Published: 15 June 2012

Abstract

Background

Cotton is the world’s primary fiber crop and is a major agricultural commodity in over 30 countries. Like many other global commodities, sustainable cotton production is challenged by restricted natural resources. In response to the anticipated increase of agricultural water demand, a major research direction involves developing crops that use less water or that use water more efficiently. In this study, our objective was to identify differentially expressed genes in response to water deficit stress in cotton. A global expression analysis using cDNA-Amplified Fragment Length Polymorphism was conducted to compare root and leaf gene expression profiles from a putative drought resistant cotton cultivar grown under water deficit stressed and well watered field conditions.

Results

We identified a total of 519 differentially expressed transcript derived fragments. Of these, 147 transcript derived fragment sequences were functionally annotated according to their gene ontology. Nearly 70 percent of transcript derived fragments belonged to four major categories: 1) unclassified, 2) stress/defense, 3) metabolism, and 4) gene regulation.
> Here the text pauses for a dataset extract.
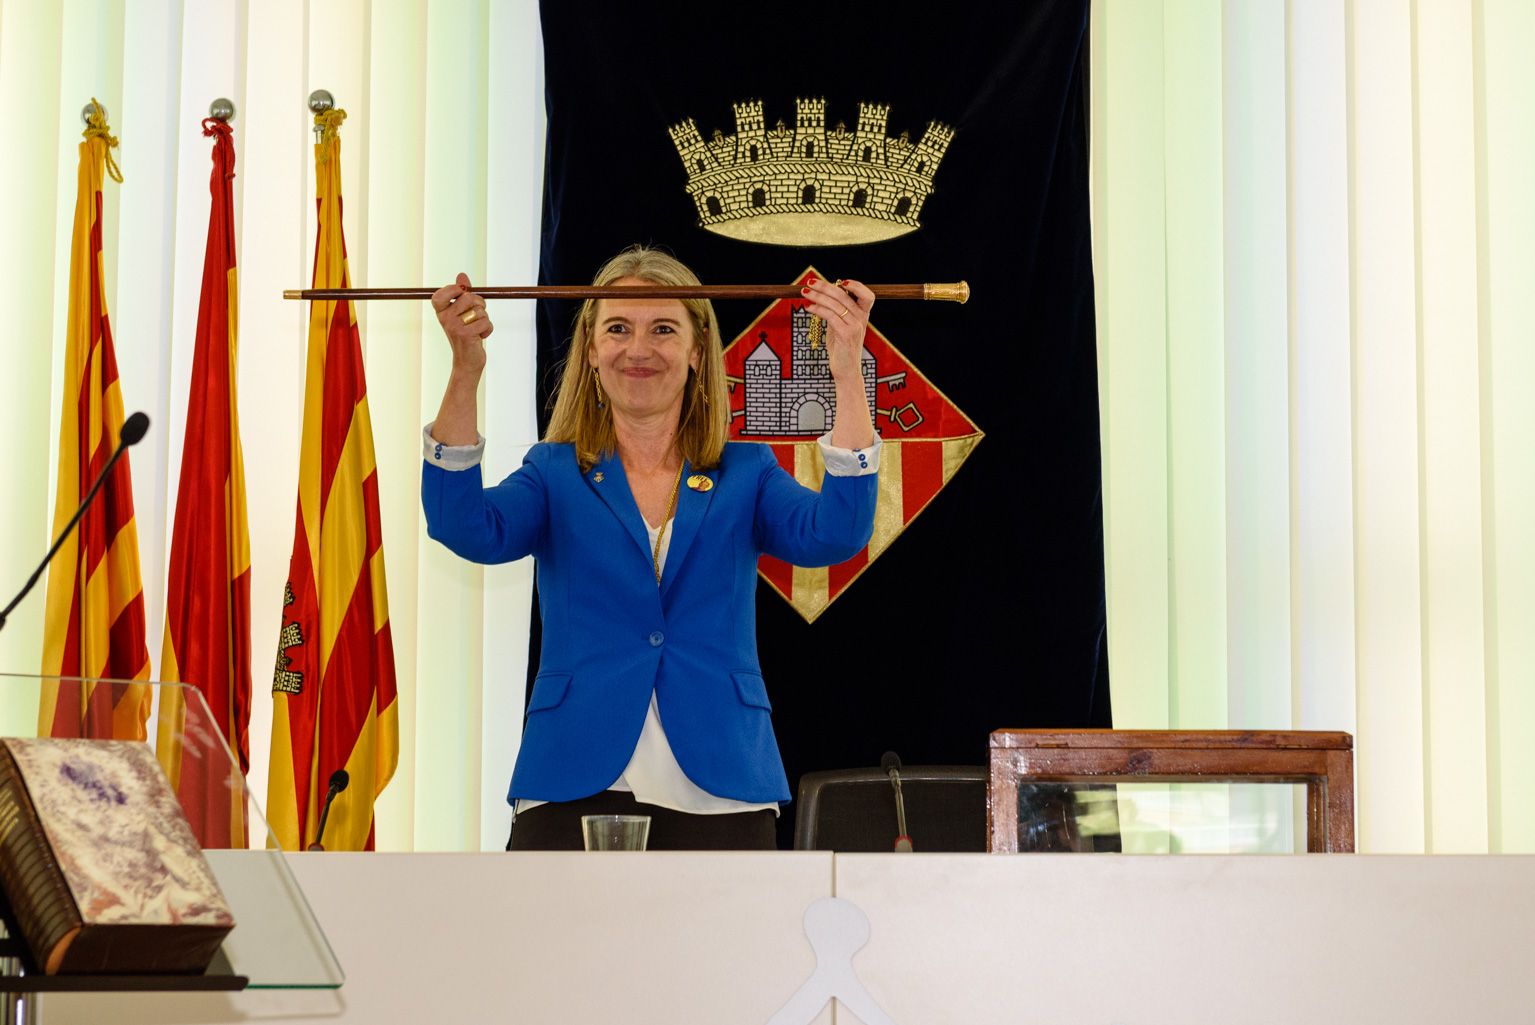 Mireia Ingla és alcaldessa de Sant Cugat del Vallès des del juny de 2019 FOTO: Miguel López Mallach
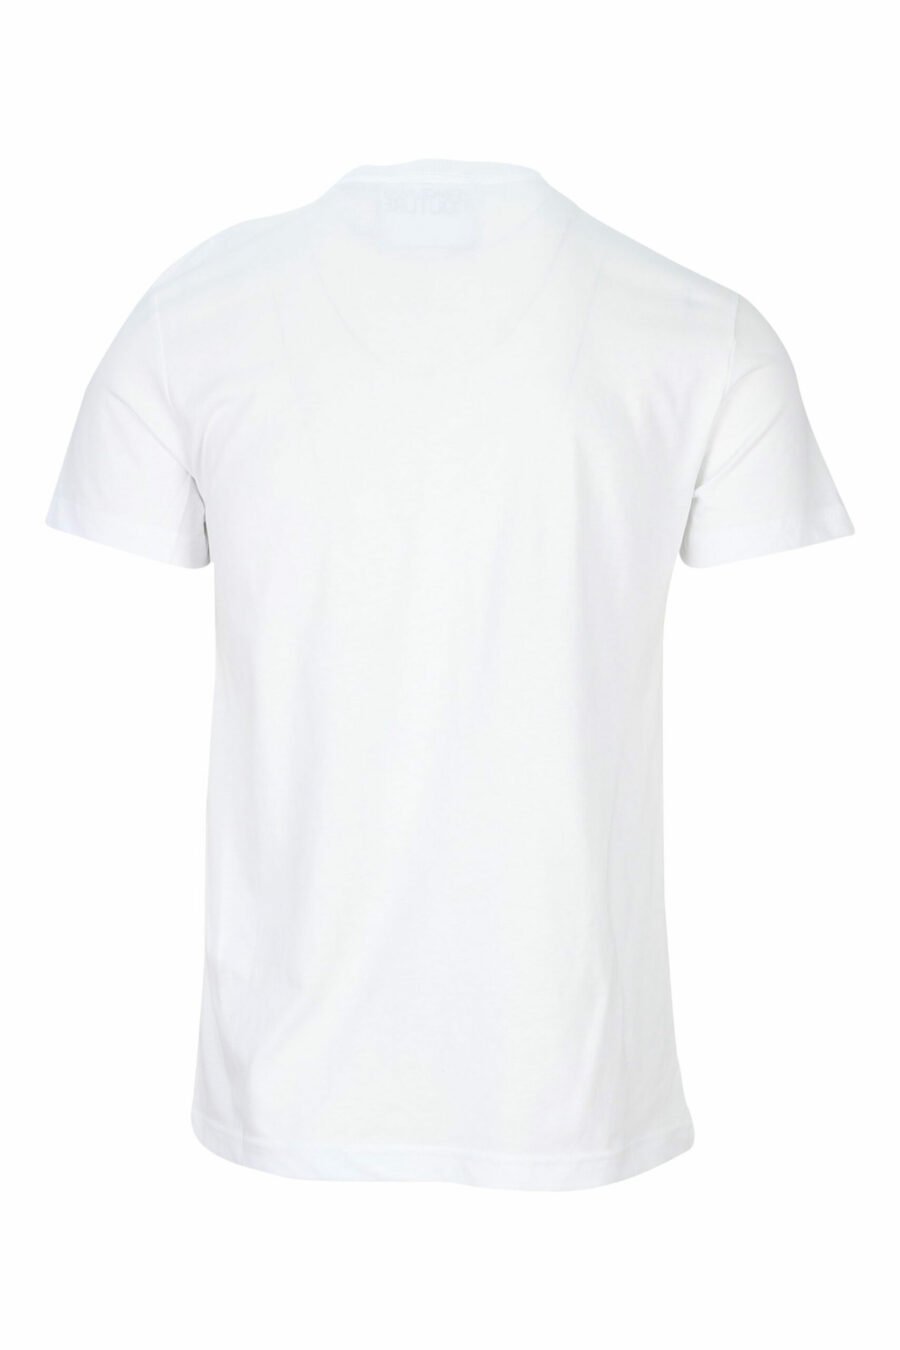 Camiseta blanca con minilogo circular negro - 8052019468526 1 scaled

We found heat shock protein-related and reactive oxygen species-related transcript derived fragments to be among the major parts of functional pathways induced by water deficit stress. Also, twelve novel transcripts were identified as both water deficit responsive and cotton specific. A subset of differentially expressed transcript derived fragments was verified using reverse transcription-polymerase chain reaction. Differential expression analysis also identified five pairs of duplicated transcript derived fragments in which four pairs responded differentially between each of their two homologues under water deficit stress.

Conclusions

In this study, we detected differentially expressed transcript derived fragments from water deficit stressed root and leaf tissues in tetraploid cotton and provided their gene ontology, functional/biological distribution, and possible roles of gene duplication. This discovery demonstrates complex mechanisms involved with polyploid cotton’s transcriptome response to naturally occurring field water deficit stress. The genes identified in this study will provide candidate targets to manipulate the water use characteristics of cotton at the molecular level.